*Input data:*
_ _ _ _ _ _ _
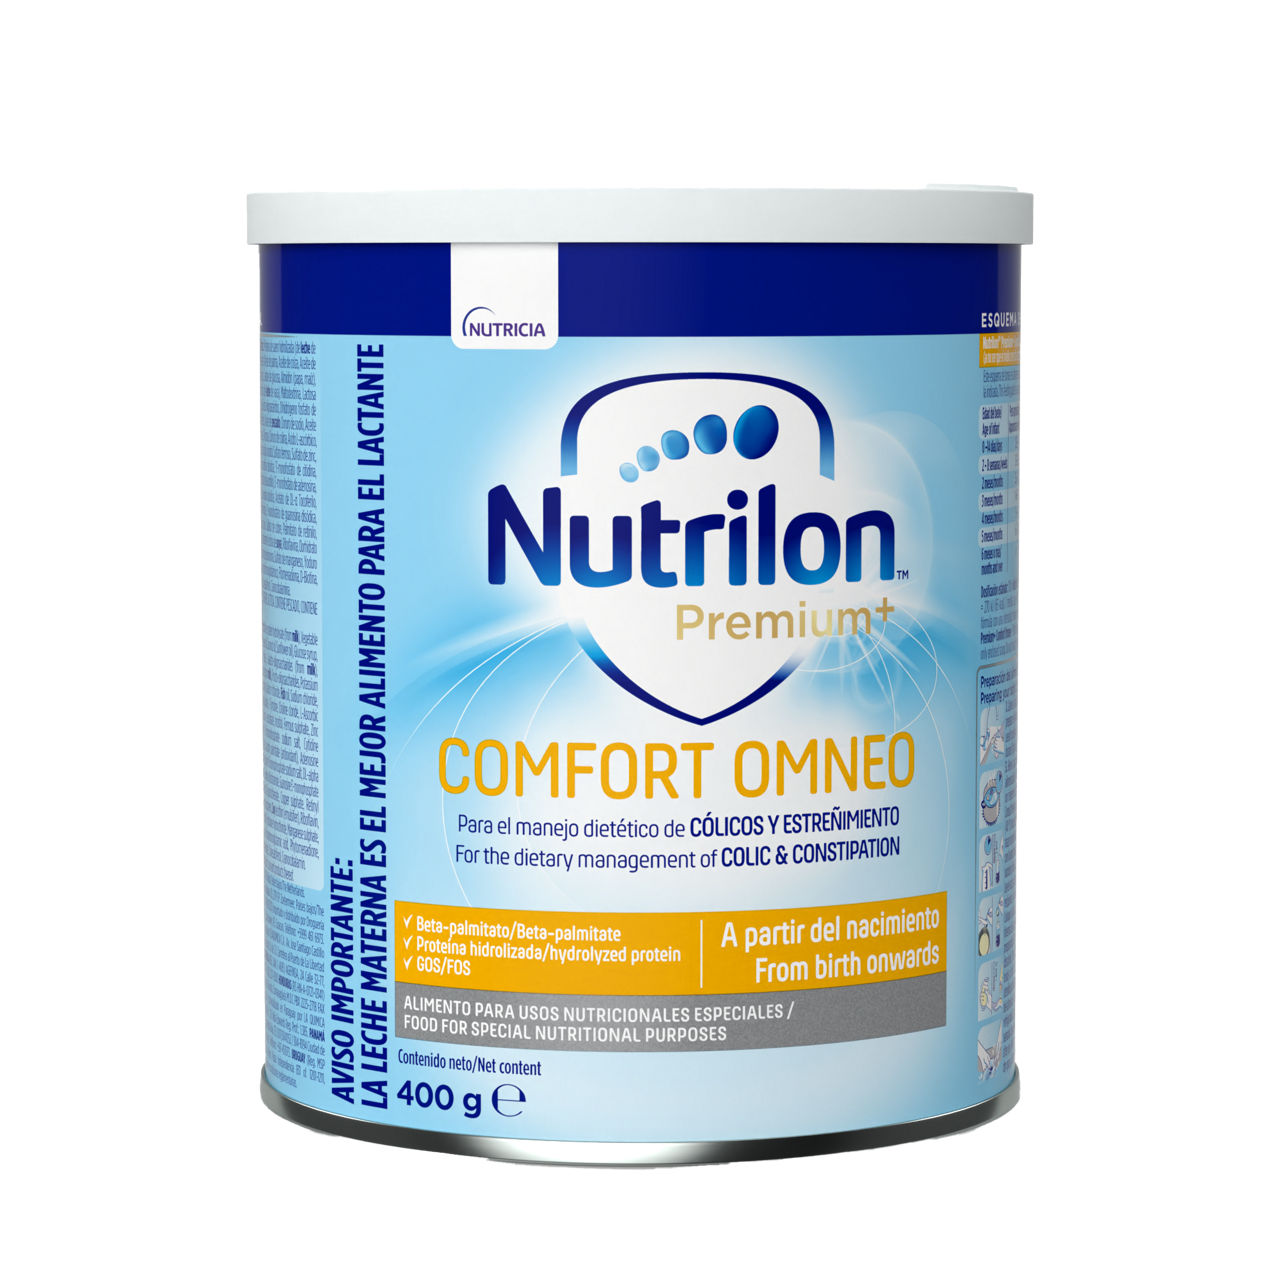 Nutrilon Premium+ Comfort Ecu
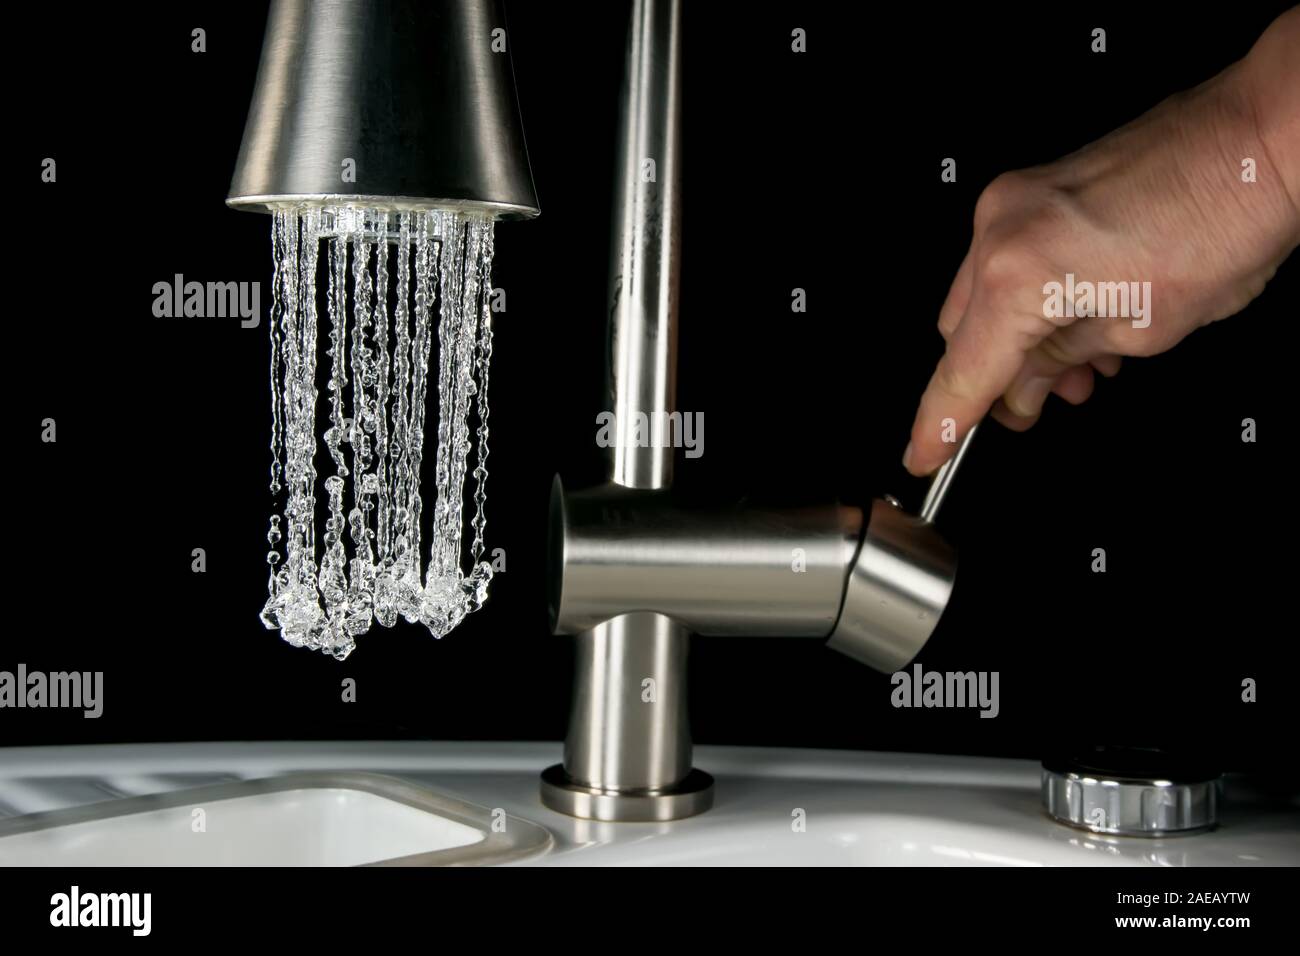 L'acqua uscente da un rubinetto - immagini ad alta velocità Foto Stock
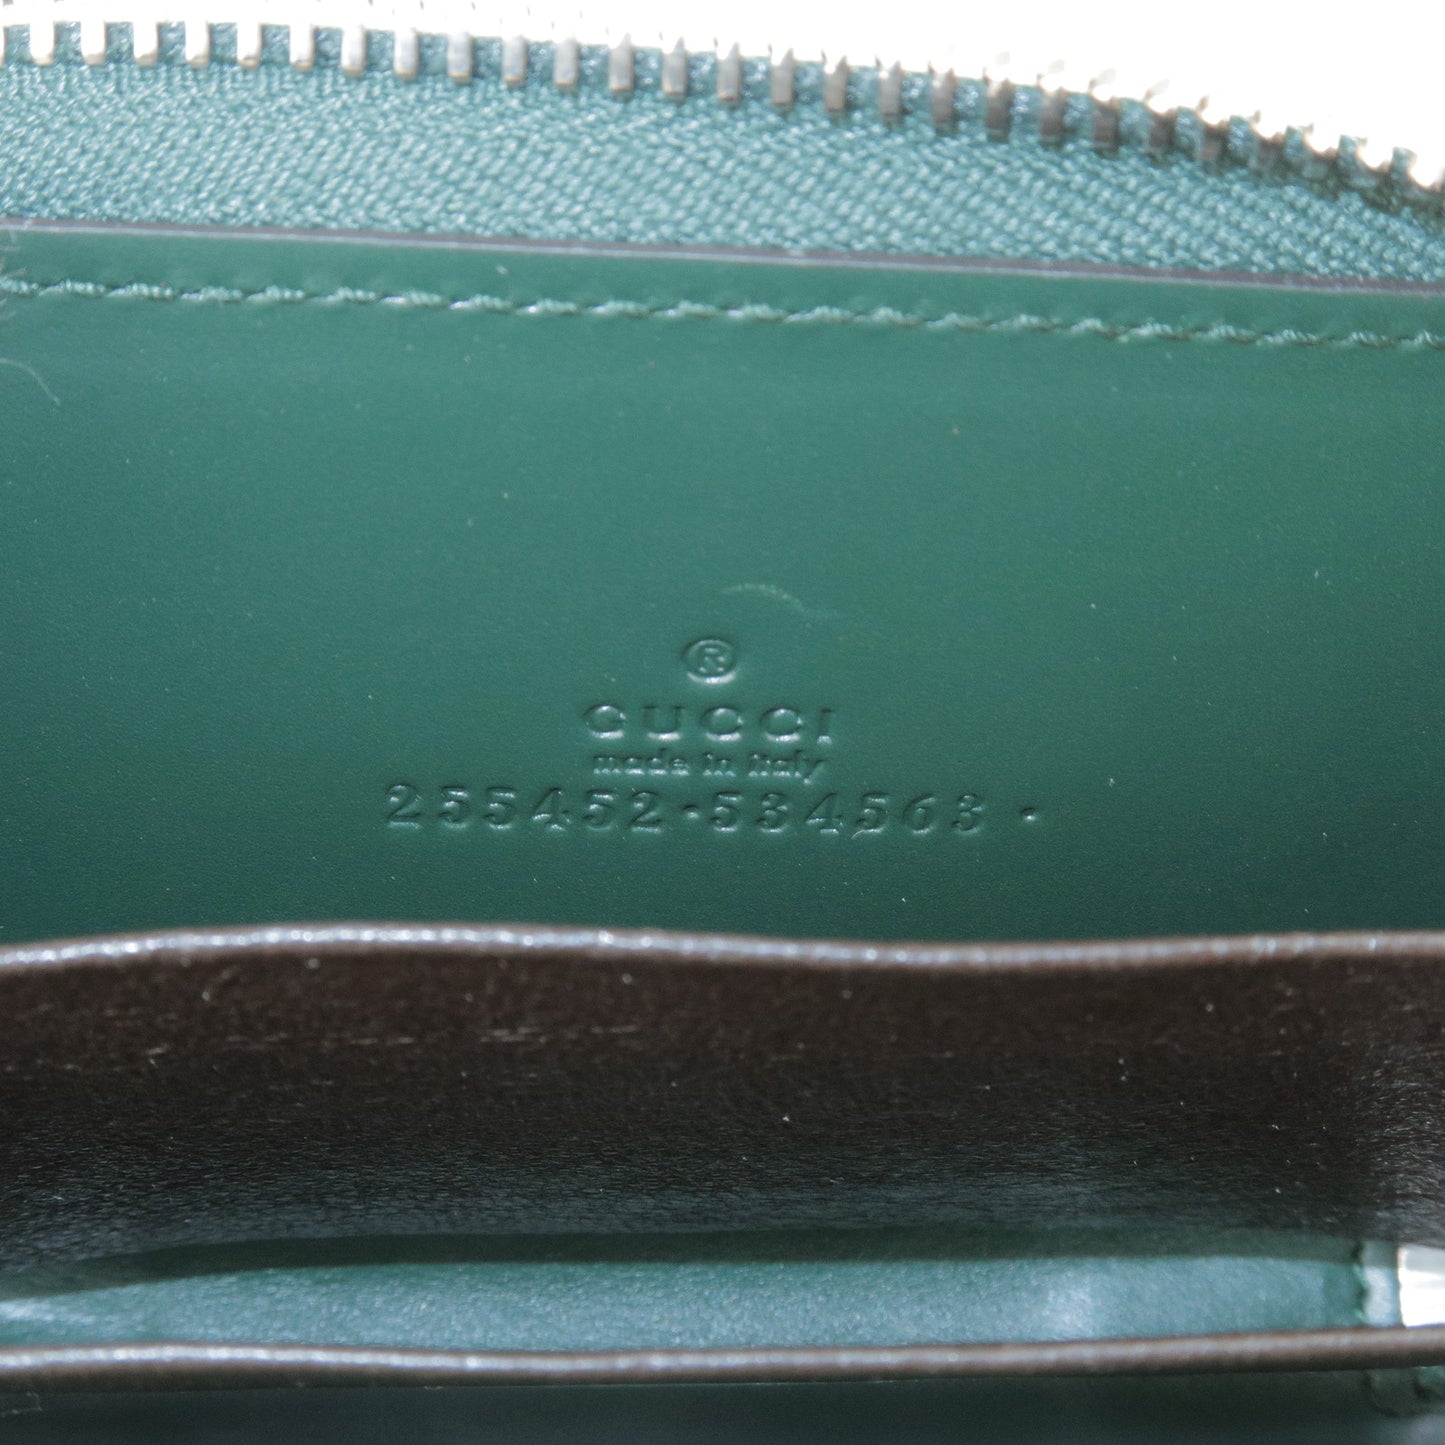 GUCCI Guccissima Leather Round Zipper Coin Case Green 255452
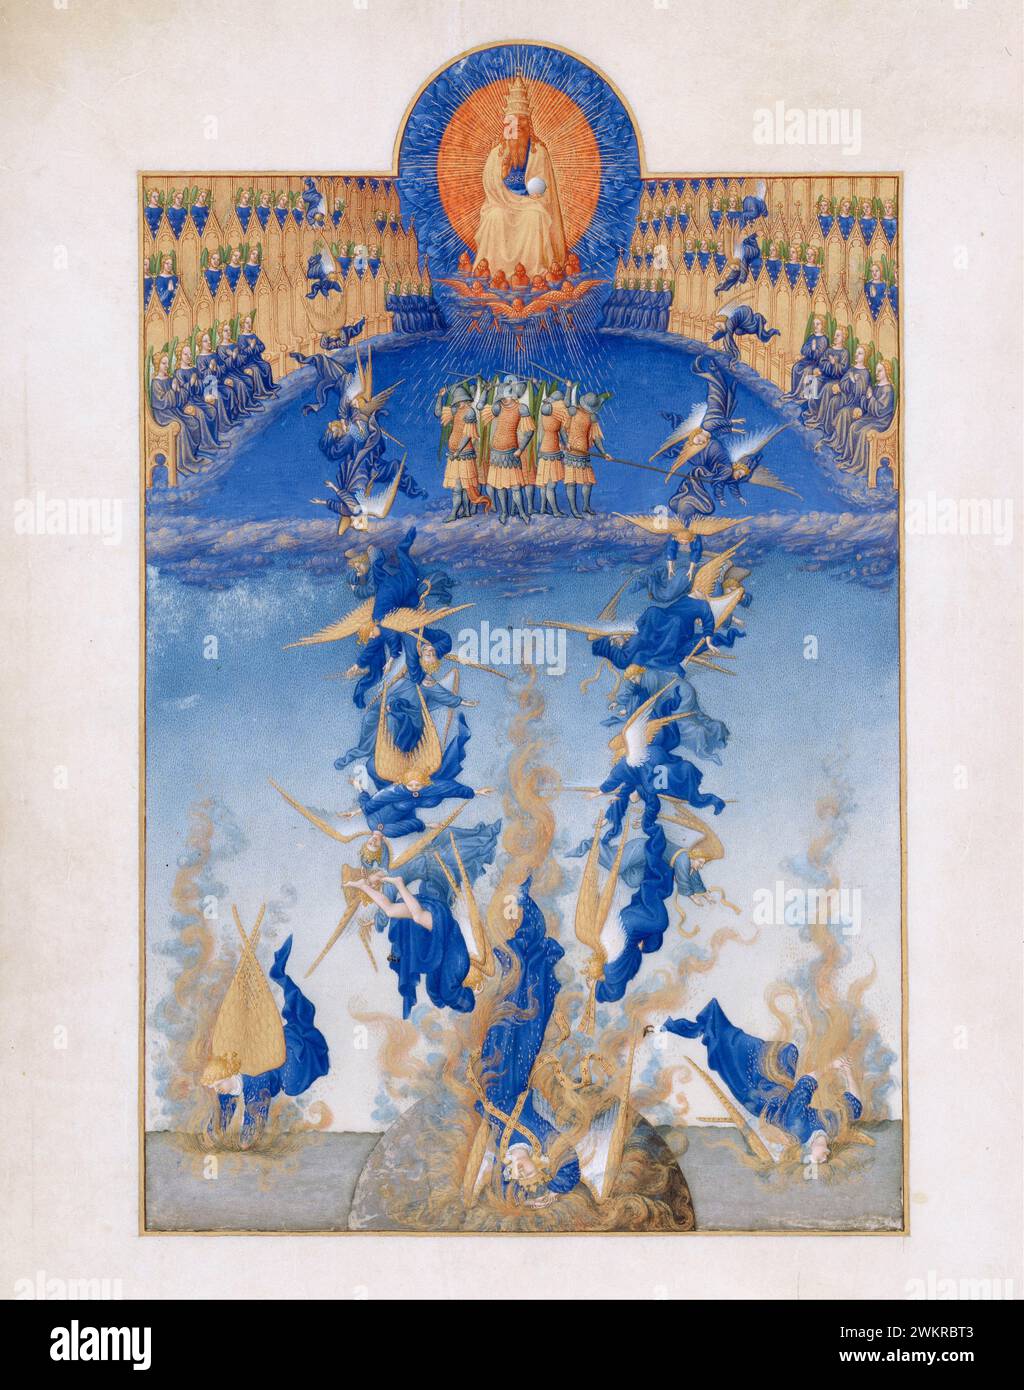 Limbourg Brothers, la chute des anges rebelles du très riches heures du duc de Berry manuscrit enluminé à tempera sur vélin, 1411-1416 Banque D'Images
_ _ _ _ _ _ _
Write out, exactly, the lines of the material from the very first through the line containing "GUCCI Guccissima Leather", and leave out every picture.

 Nutrilon Premium+ Comfort Ecu
 L'acqua uscente da un rubinetto - immagini ad alta velocità Foto Stock
 GUCCI Guccissima Leather Round Zipper Coin Case Green 255452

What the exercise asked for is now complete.